Azure Cosmos DB is Microsoft’s globally distributed, horizontally partitioned, multi-model database service. The terms “Multi-model database service” mean that you can seamlessly access the content of your database from different APIs. One of these API is named SQL and is a kind of mix between JSON and SQL. If you’re used to ANSI-SQL, it’s probably the easiest API to start with.
This SQL API supports the keyword COUNT but it’s not necessary the keyword that will be the more useful when you want to know how many elements are available in an array.

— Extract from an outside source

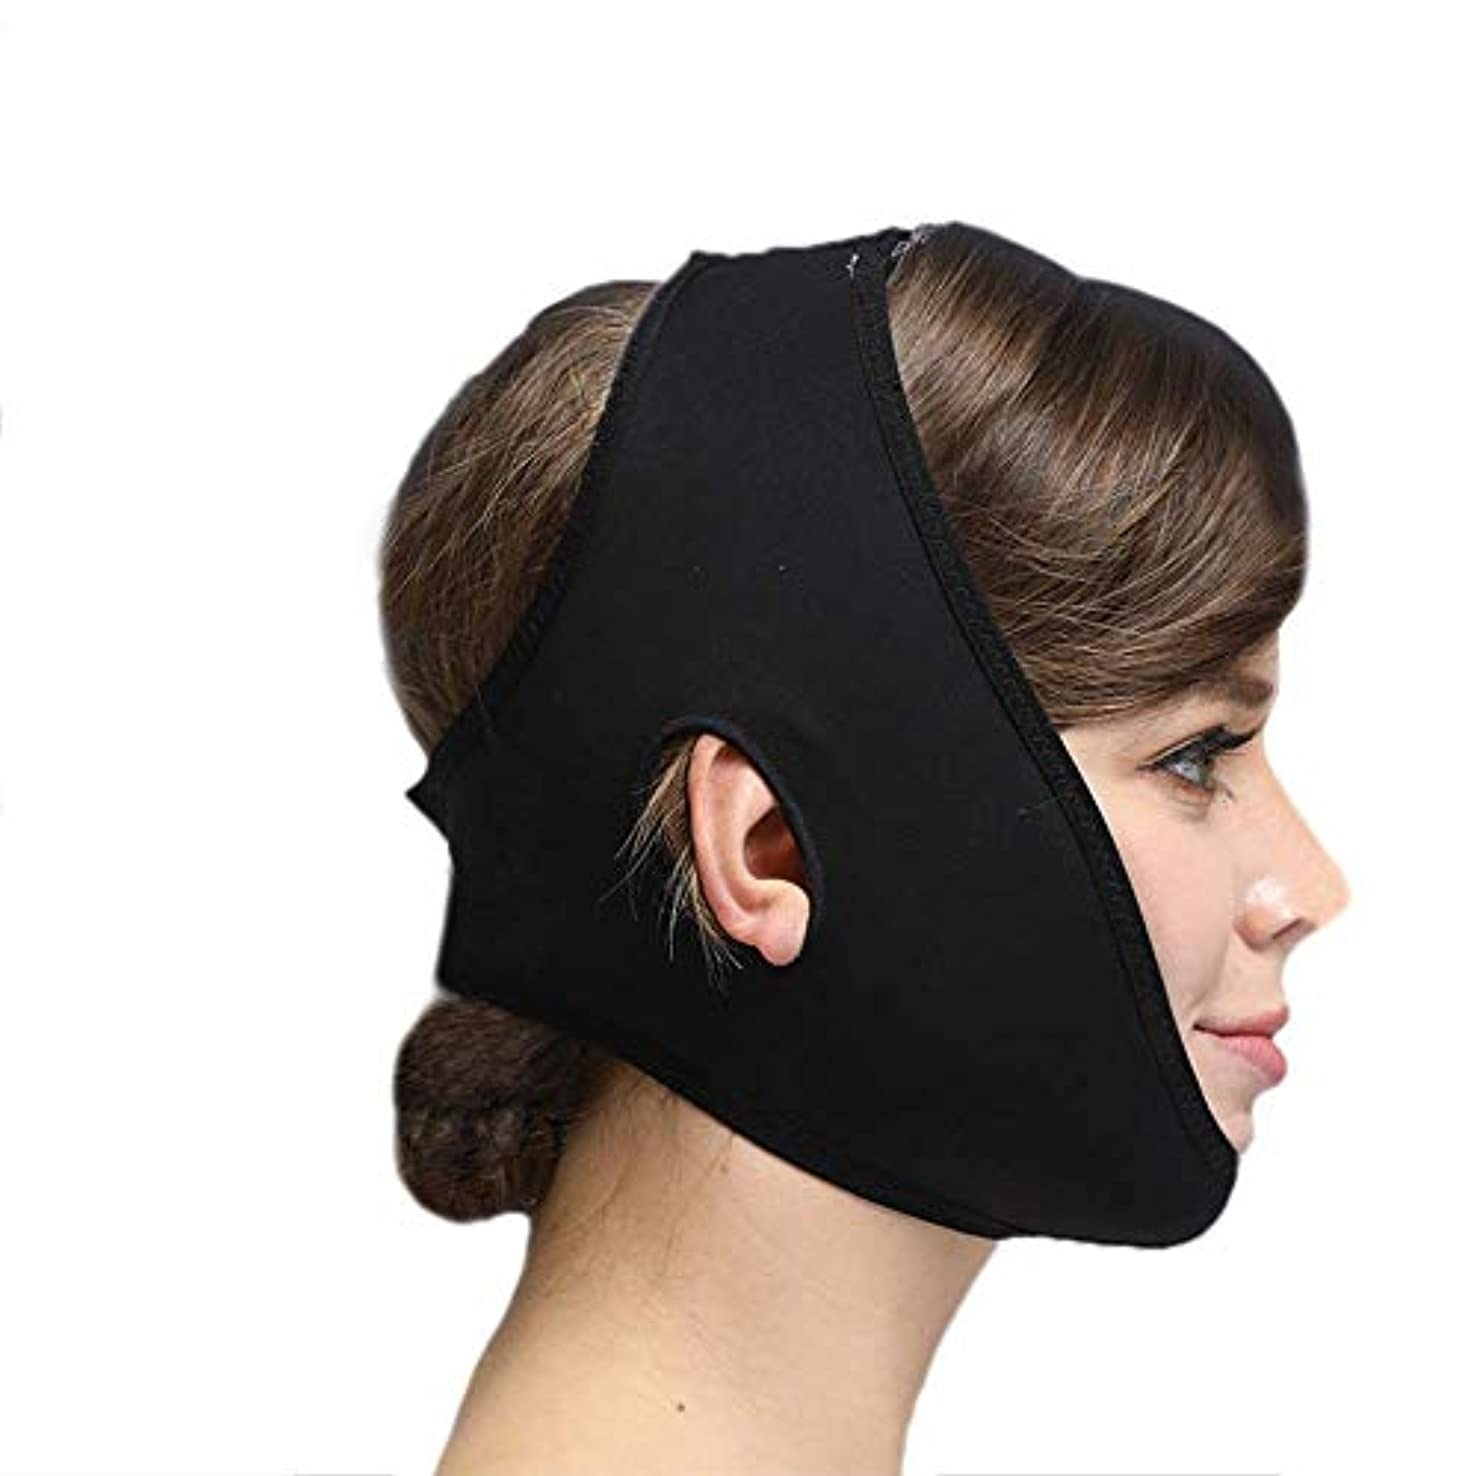 厚くする記述するティーンエイジャーフェイススリミングマスク、快適さと通気性、フェイシャルリフティング、輪郭の改善された硬さ、ファーミングとリフティングフェイス(カラー:ブラック、サイズ:XL),ブラック2、L

Before going further, to illustrate this article, we’ll need to setup a database and a collection (named families), you can achieve this with the UI of the portal. Then load a few items in your collection. To achieve this task, click on “New document” on the tab documents of your collection, paste the json corresponding to the Andersen family from this page, click on “Save”. Then click again on “New document” and paste the content of the json related to the Wakefield family from the same page. Don’t forget to click on “Save”. Your two families are now part of the database’s content and we’ll be able to query them.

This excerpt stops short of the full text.